I'm cleaning up a 2d numpy array version, but not making it any faster.

A pure list version is also a good candidate for running faster on pypy.

A portion of the code that works with a 2d array

    r,c = np.unravel_index(pos, (9,9))            
    if(puzzle[r,c] != 0):
        return solve_numpy(puzzle, pos+1)
    row = puzzle[r,:].copy()
    col = puzzle[:,c].copy()
    r1, c1 = 3*(r//3), 3*(c//3)
    square = puzzle[r1:r1+3, c1:c1+3].flatten()
    for i in range(1,10):
        puzzle[r,c] = i
        if(i not in row and i not in col and i not in square):
            if solve_numpy(puzzle, pos+1):
                return True
    puzzle[r,c] = 0

Indexing is clearer, but there isn't a speed improvement. Other than simpler indexing, it doesn't make much use of whole array operations.

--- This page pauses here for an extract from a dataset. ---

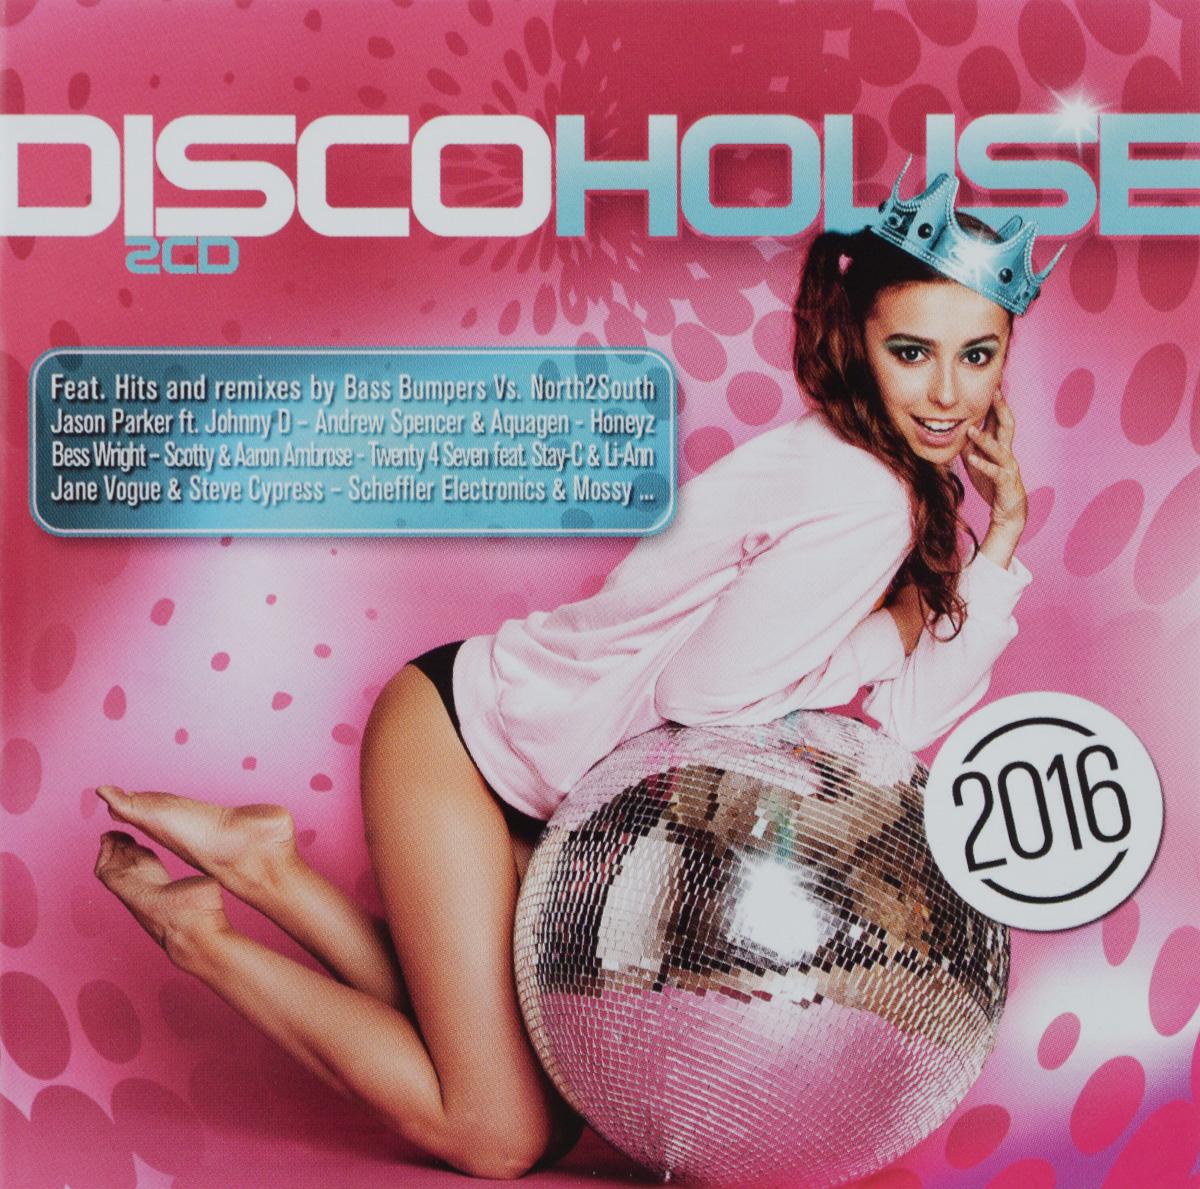 Disco House 2016 (2 CD) disco house 2015 2 cd

The list version doesn't look that much different from the original, but is much faster:

    row = puzzle[pos//9*9:pos//9*9+9]
    col = puzzle[pos%9::9]
    short = (pos%9)//3*3 + pos//27*27
    square = puzzle[short:short+3] + \
             puzzle[short+9:short+12] + \
             puzzle[short+18:short+21]

http://norvig.com/sudoku.html Discusses sudoku solution methods, with pythoN - by an AI expert.

With this Norvig solver, your grid solution takes 0.01 sec. Information is stored primarily in dictionaries. Your case is an easy one, than can be solved with his 2 basic assignment strategies. Without searching the solution is very fast.